What is a temporary authorization?

A temporary authorization is a transaction that has been approved but has not yet been officially posted to your account. The value of the transaction has been deducted from your available credit line. Normally, a temporary authorization converts into a posted transaction. However, a temporary authorization may expire if the merchant does not complete the transaction.

More On Temporary Authorization Charges

Normally, a temporary authorization transaction is removed from your account when the corresponding transaction amount is posted to your account. For a more detailed explanation of temporary authorizations, please continue reading.

A temporary authorization transaction is the result of a merchant testing to confirm that a credit card account is active and has credit available to accommodate transactions. This test creates a temporary authorization transaction that appears on the account. The temporary authorization transaction is not always equal to the actual amount charged, but rather it represents an anticipated amount the merchant uses until the actual charge is processed. The actual transaction amount will appear on the account once the merchant's bank and all intermediary banks finish processing the transaction. The temporary authorization charge is removed from the account within 30 days after it first appears. In the meantime, all temporary authorization charges will temporarily reduce the account's available line of credit by the anticipated amount.

If a temporary authorization appears twice, it does not necessarily mean the account will be billed twice. Please note: Temporary authorization charges cannot be disputed; only posted transactions can be disputed. Please check your monthly statement when you receive it.

If for some reason the actual charge is canceled and not processed, this temporary authorization will automatically be removed from your account 30 days after it first appears.

Temporary authorizations are requested by merchants in many forms. Some common examples of temporary authorizations are described below.


  1. When you request reservations at a hotel, the hotel may place a temporary authorization on your credit card account for the amount you would be charged if you were to cancel your reservation without notice. As stated above, this anticipated charge will drop off within 30 days if not processed. Likewise, when you check in, the hotel may test your account for availability again, creating a temporary charge for an amount usually equivalent to a one-night stay. This temporary charge will remain on your account until you check out of the hotel, at which time the actual charges will be posted to your account and the temporary charges will be removed.

  2. When you use your MasterCard or Visa credit card at a gas station, a request for a temporary authorization for $1 is processed. American Express credit cards will request a temporary authorization of $75. If the request is approved, you will be permitted to purchase the gasoline. Once the transaction is complete, the gasoline merchant's bank will issue a request for payment to your credit card company.
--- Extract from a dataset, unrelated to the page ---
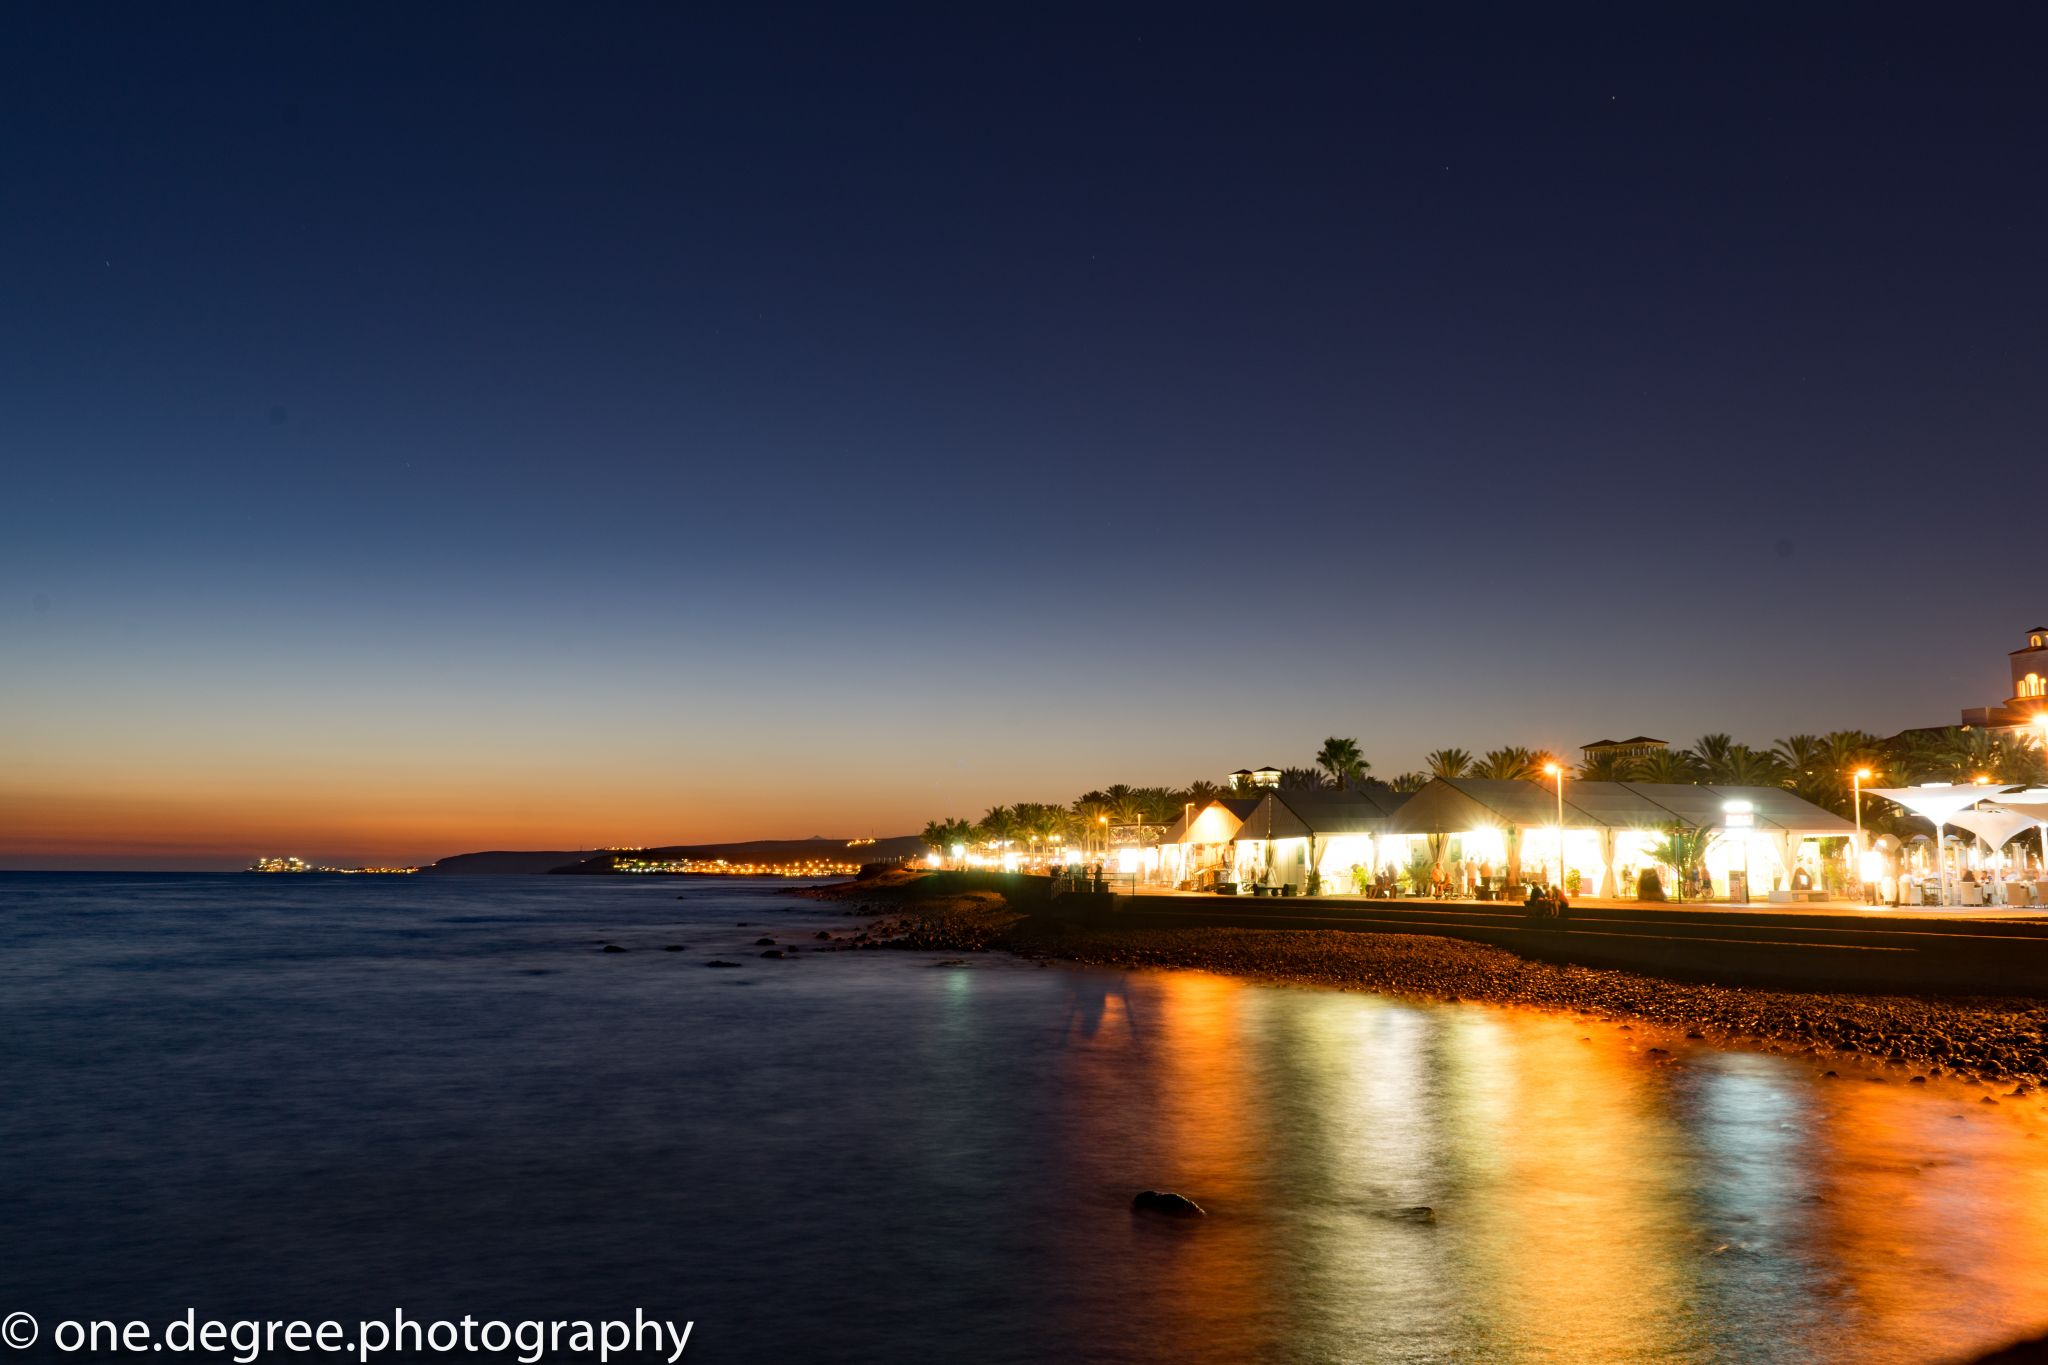 Seaview Gran Canaria, Spain
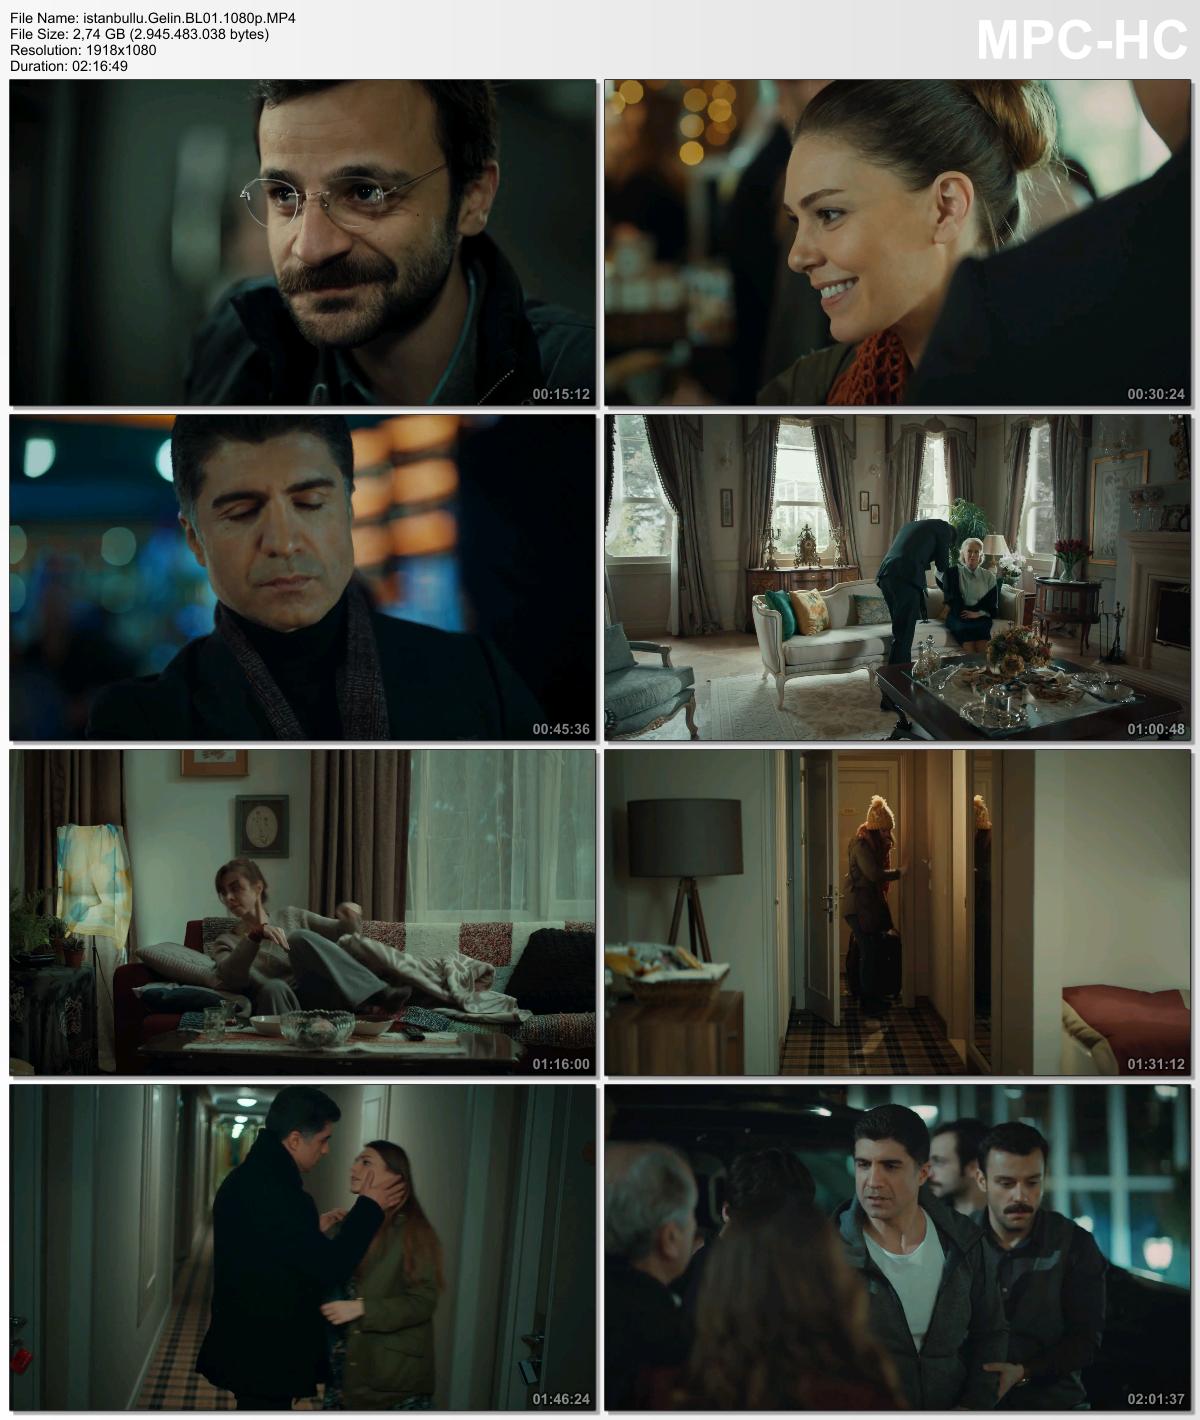 İstanbullu Gelin 27.Bölüm (HD - x264 - 1080p) Tüm Bölümler - okaann27

If the request is honored, the actual amount of your  purchase will appear on your account as a posted transaction, and the temporary authorization will be removed.

  3. When you use your credit card at a department store, the merchant may swipe your card at checkout. This generates the request for charging authorization. If approved, the charge will appear on your account summary as a temporary authorization in  whole dollars. For instance, if your actual purchase amount is $147.53, the temporary authorization may appear on your account for $148. Sometime after you leave the store with your purchases, the request will be sent to the merchant's bank for payment. Again, the merchant's bank will issue a request to your credit card company for payment in full. When the merchant's bank receives payment, the temporary authorization for $148 will be removed and the actual purchase amount of $147.53 will be posted to your account.

These are just examples of some transactions that may generate temporary authorizations to your account. However, there are many other situations you may encounter that will require temporary authorizations to be placed on your credit card account. Rest assured that this is a common practice in the credit card industry.